Is approximately in the shape of a part of a torus, the diameter of which is approximately equal to the width of the cross section (S1) of the tubular body (12) of the tubular portion (10). The tubular section for a heat exchanger according to any one of claims. 6. A bend (28) in the form of a part of a torus is provided with one small end face (20) of the tube (12).
And a second end portion (32) obliquely joined to the small end surface (24) of the end body (14). The tubular part for a heat exchanger according to claim 5. 7. The curved portion (28) has a small end surface of the end body (14) at a height such that the cross section (S1) of the tubular body (12) has the same shape as the cross section (S2) of the end body (14). The tubular part for a heat exchanger according to claim 6, which is joined to (24). 8. The apparatus for molding a tubular part for a heat exchanger according to claim 1, comprising the following: 1) The inner shape is a region of the small end face (20) of the tubular body (12), and the tubular body (12) and the end body (1) are
A first jaw (62) having an inner sinus (64) that is the same shape as the outer half of 4). 2) The inner shape is the same as the other half of the outer shape of the tubular body (12) and the end body (14) in one region of the other small end surface (20) of the tubular body (12). A second jaw (66) having an inner cavity (68) which is 3) A pressing tool (84) which is held between the first jaw (62) and the second jaw (66) when the first jaw (62) and the second jaw (66) are united, and which can be taken out straight from the tubular portion (10) in the axial direction. 9. At least one of the two jaws is joined with a continuous part (76), which serves to form the end body (14), for forming the curved part (28) of the tubular part (10). 9. The apparatus for forming a tubular part for a heat exchanger according to claim 8, further comprising a steep step (82) between the sloped part (16) and a continuous part (78) useful for forming. 10. The apparatus for forming a tubular portion for a heat exchanger according to claim 8 or 9, further comprising the following means. 1) In order to join the tubular parts (10) without deformation, in the direction (D) orthogonal to the axis of the tubular parts (10), first
A first movement that brings the jaws (62) and the second jaws (66) closer together. 2) A second movement in which the first jaw (62) and the second jaw (66) are moved closer to each other in the orthogonal direction (D) to start the deformation of the end body (14) of the tubular portion (10). 3) A partially deformed end body (1) of the tubular portion (10) held between the first jaw (62) and the second jaw (66).

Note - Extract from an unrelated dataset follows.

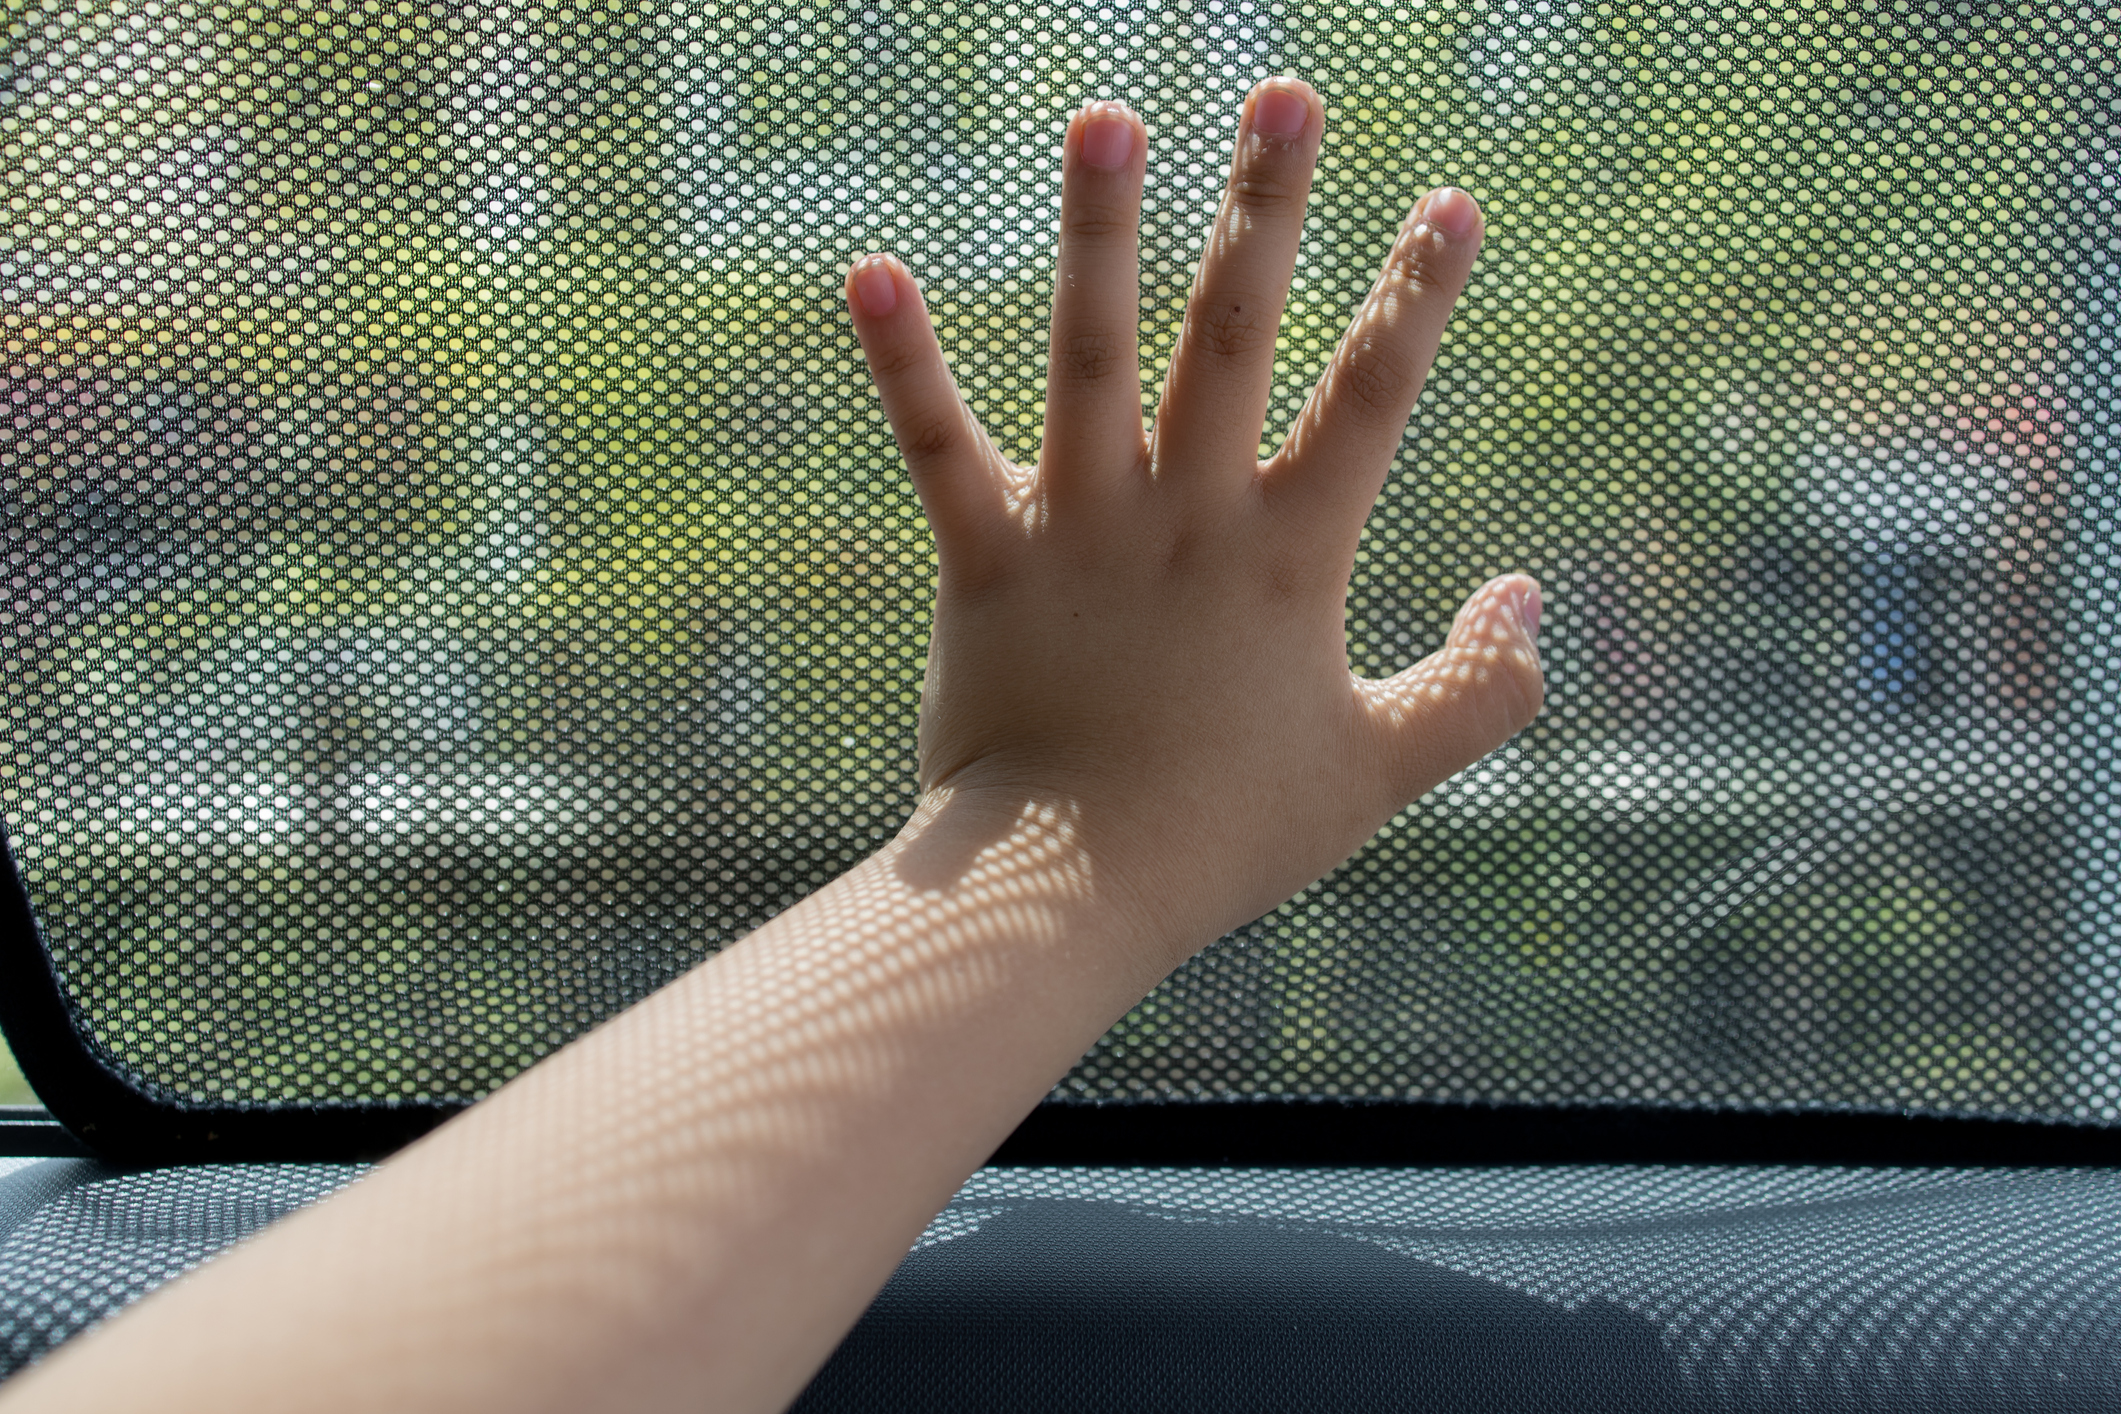 3-5 φορές περισσότερο από του ενηλίκου αυξάνεται ο κίνδυνος θερμοπληξίας στα παιδιά που αφήνονται σε κλειστά αυτοκίνητα

4) Insert the pressing tool (84) in the axial direction. 4) A third movement to completely combine the first jaw (62) and the second jaw (66) in the orthogonal direction (D) while keeping the pressing tool (84) at that position. 5) Take out the pressing tool (84) from the tubular portion (10) and separate the first jaw (62) and the second jaw (66). 11. The end pieces (14) of the tubular portion (10) are
A heat exchanger comprising a large number of tubular parts for a heat exchanger according to any one of claims 1 to 7, which are inserted into the holes (44) of the header plate (42). 12. The tubular parts (10) are provided in pairs in two rows (R), and the tubular parts (10) forming a pair.
Are abutted against each other and their respective end bodies (14) are inserted into common holes (44) in the header plate (42).